National Park Service Plans for Downtown Seward Facilities
Contact: Jeff Mow, (907) 442-0500
Kenai Fjords National Park will be working to finalize plans for limited development in the downtown Seward area. The National Park Service (NPS) owns five properties in the downtown area, purchased in 2005 as directed by Congress during the development of the Mary Lowell Center, a multi-agency facility that would have provided administrative offices for two agencies, visitor facilities, and a small conference center for the City of Seward. Insufficient funds are available to complete the full suite of projects.
Over the last year, the National Park Service has been working on a plan to use the funds remaining from that effort in a manner that provides for downtown improvement, secures administrative facilities for the park operation, and relinquishes several of the parcels that were purchased for the project. The current project will rehabilitate the Old Solly's building on Washington Street and the Shea Block building on 3rd Avenue for administrative uses. The Old Solly's building will become the park's new headquarters and will include a small visitor area for winter and shoulder season visitors to Seward. The area adjacent to the Shea Block Building will be used for parking. The exterior appearance of the Old Solly's building will be in keeping with its historic appearance with a mix of siding and paint finishes (see illustration). Rehabilitation work on the Old Solly's building should commence by late summer, followed by rehabilitation work on the Shea property in subsequent years.

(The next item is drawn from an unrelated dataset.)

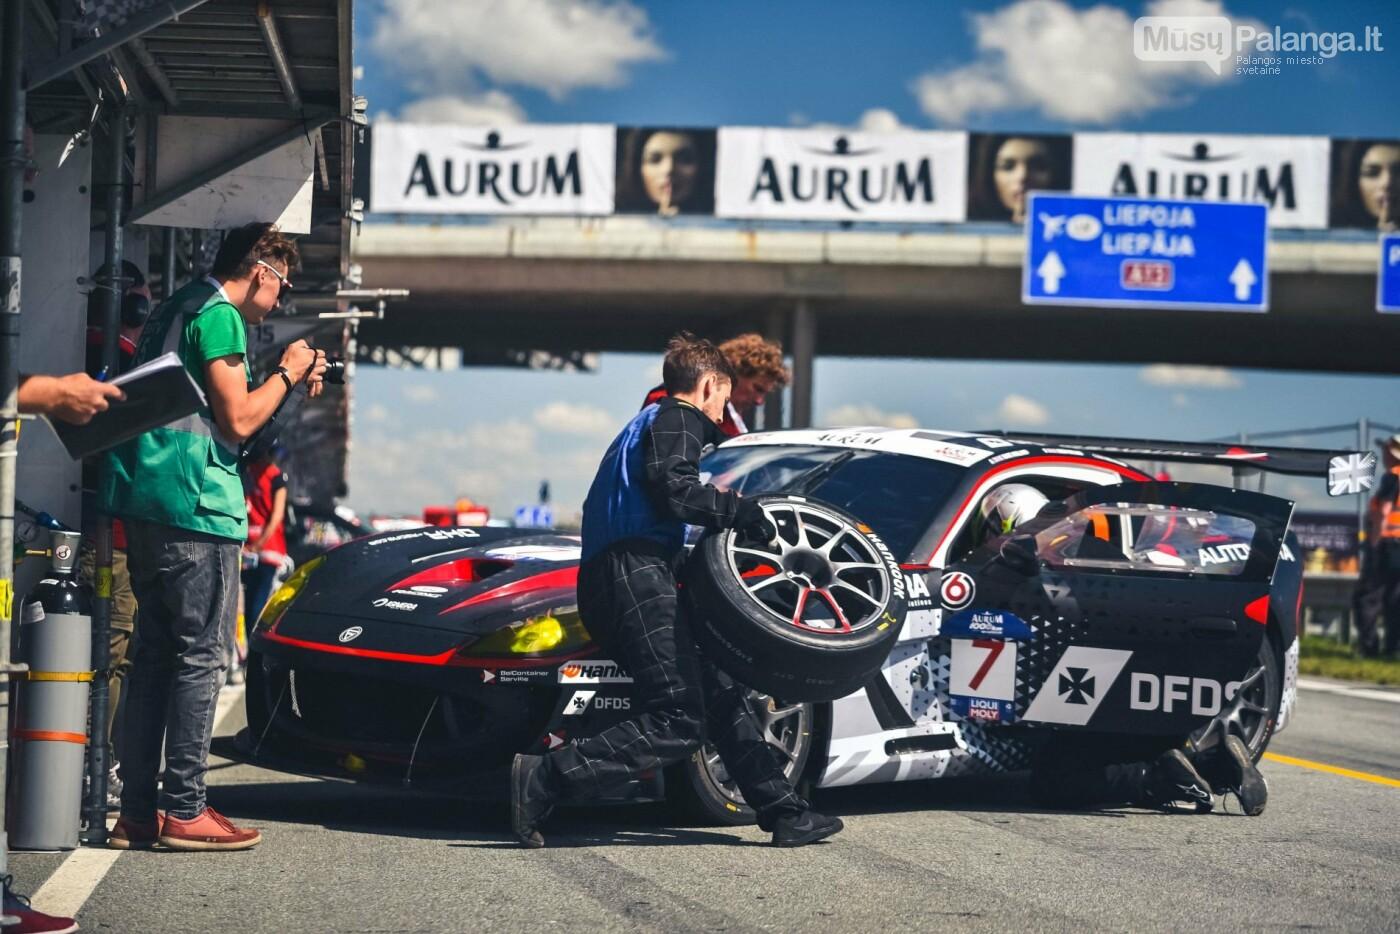 "22-osios ""Aurum 1006 km lenktynės"" – 2021 m liepos 14-17 d.d. , nuotrauka-11, Vytauto PILKAUSKO, Arno STRUMILOS ir Gedmanto KROPIO nuotr."

The remaining properties purchased in 2005 by the NPS (Mai and Harbor Dinner Club properties on Fifth, and the Legends property on Washington) may undergo some redevelopment or be excessed (disposed of) by the federal government. Since 2005 the building known as Legends has been operated by the NPS and used by many community organizations and agencies for public meetings and workshops. According to Superintendent Jeff Mow, "We expect it could take a year or longer before the government could transfer ownership of the property." Generally, the process gives preference to other federal, state, and local government needs before considering private uses.